Never rely on any side effects created by an expression inside a Q_ASSERT statement. Technically it is still possible to ensure that QT_NO_DEBUG is not defined in a specific build configuration, but this is not a Good Idea™.
This seems to be different in Qt5.5 (but not earlier - see Qt5.4):
#if !defined(Q_ASSERT)
# if defined(QT_NO_DEBUG) && !defined(QT_FORCE_ASSERTS)
# define Q_ASSERT(cond) do { } while ((false) && (cond))
# else
# define Q_ASSERT(cond) ((!(cond)) ? qt_assert(#cond,__FILE__,__LINE__) : qt_noop())
# endif
#endif
I'm now getting lots of "warning C4127: conditional expression is constant" in Visual Studio 2013.
Update:
Qt5.5 release notes say:
Q_ASSERT will now expand the condition even in release mode when
asserts are disabled, albeit in an unreachable code path. This
solves compiler warnings about variables and functions that were
unused in release mode because they were only used in assertions.
Unfortunately, codebases that hid those functions and variables
via #ifndef will need to remove the conditionals to compile with Qt 5.5.
Take a look at this code:
#include <cassert>
#ifdef DEBUG
#define ASSERT(expr) assert(expr)
#else
#define ASSERT(expr)
#endif /* DEBUG */
The program will run only if I have DEBUG defined, otherwise it will hang and terminate with no results. I am using MinGW in Eclipse Indigo CDT. Advice is appreciated!
It's hard to tell without looking at the actual code that is causing the issue. My guess: you are evaluating an expression with side-effects within an ASSERT(). For instance, ASSERT( ++i < someotherthing ) whithin a loop. You could confirm by temporary modifying the macro definition to just expr on NDEBUG builds. After confirming this is the cause, go to each and every ASSERT call you are issuing to ensure that the expressions are side-effects free.

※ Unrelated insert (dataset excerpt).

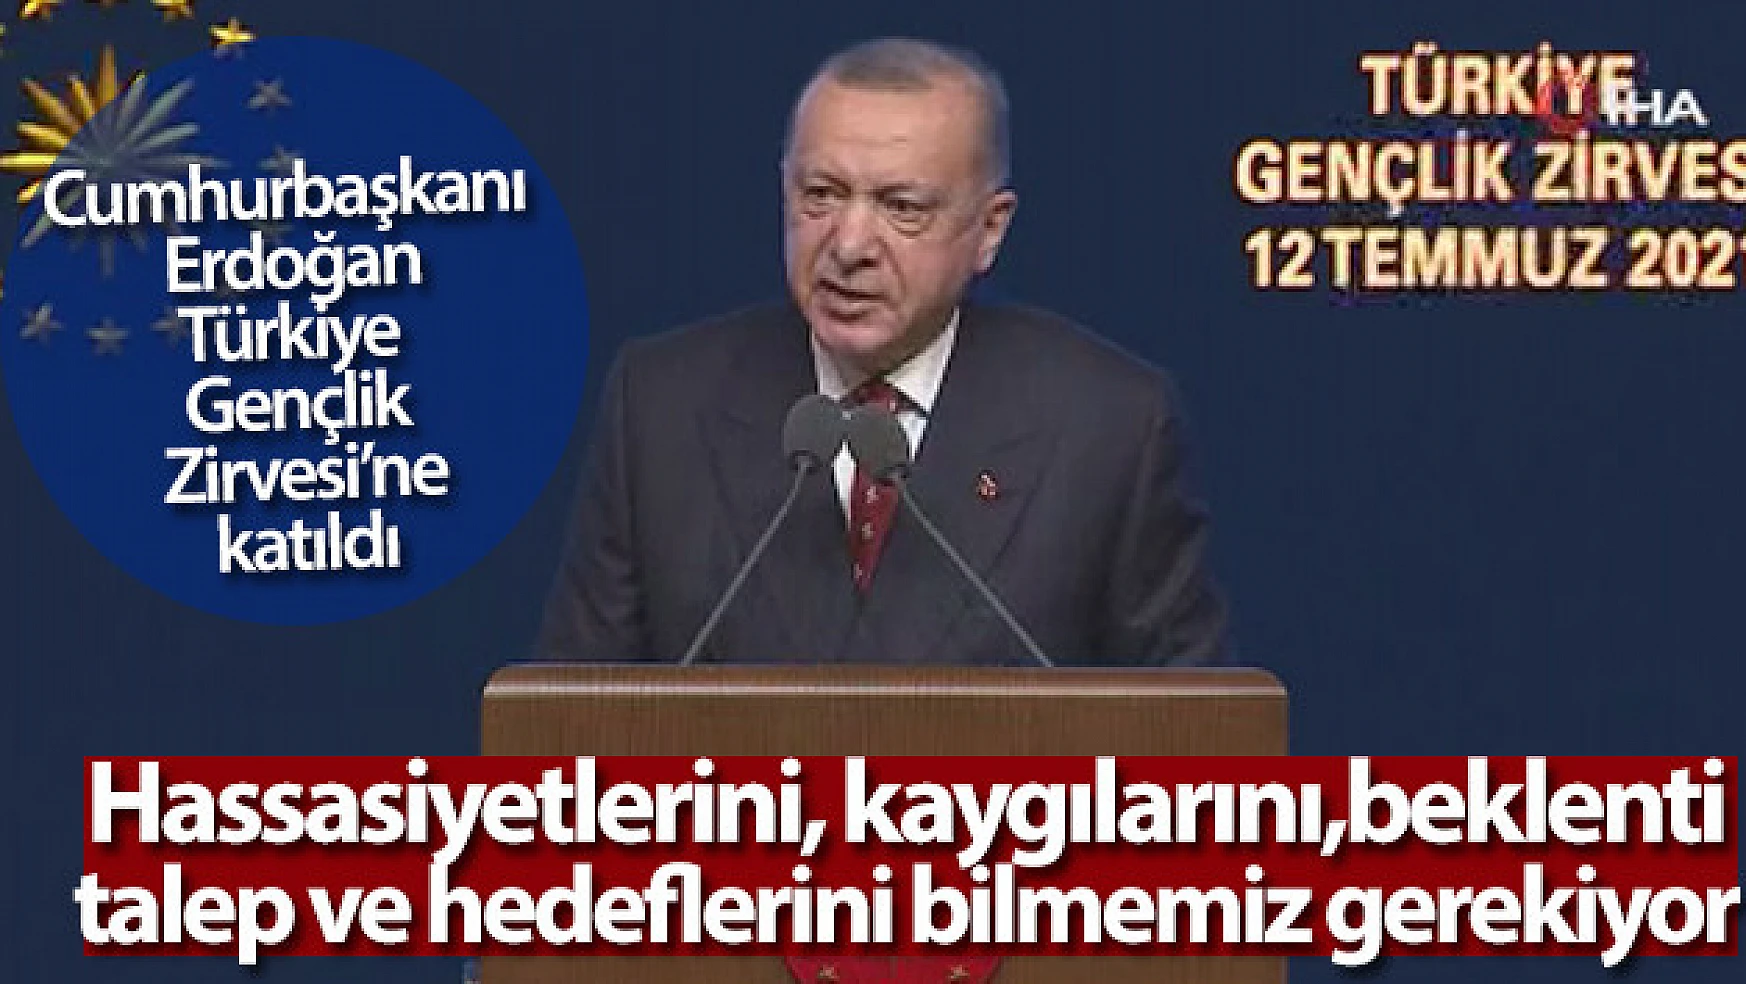 Cumhurbaşkanı Erdoğan, Türkiye Gençlik Zirvesi'ne katıldı

You are almost certainly abusing assertions. An assertion expression must never have side effects.
When you say, assert(initialize_critical_space_technology());, and then you omit this entire line in the release build, you can imagine for yourself what will happen.
The only safe and sane way to use assertions is on values:
const bool space_init = initialize_critical_space_technology();
assert(space_init);
Some people introduce a VERIFY macro for something that always executes the code:
#define VERIFY(x) (x) // release
#define VERIFY(x) (assert(x)) // debug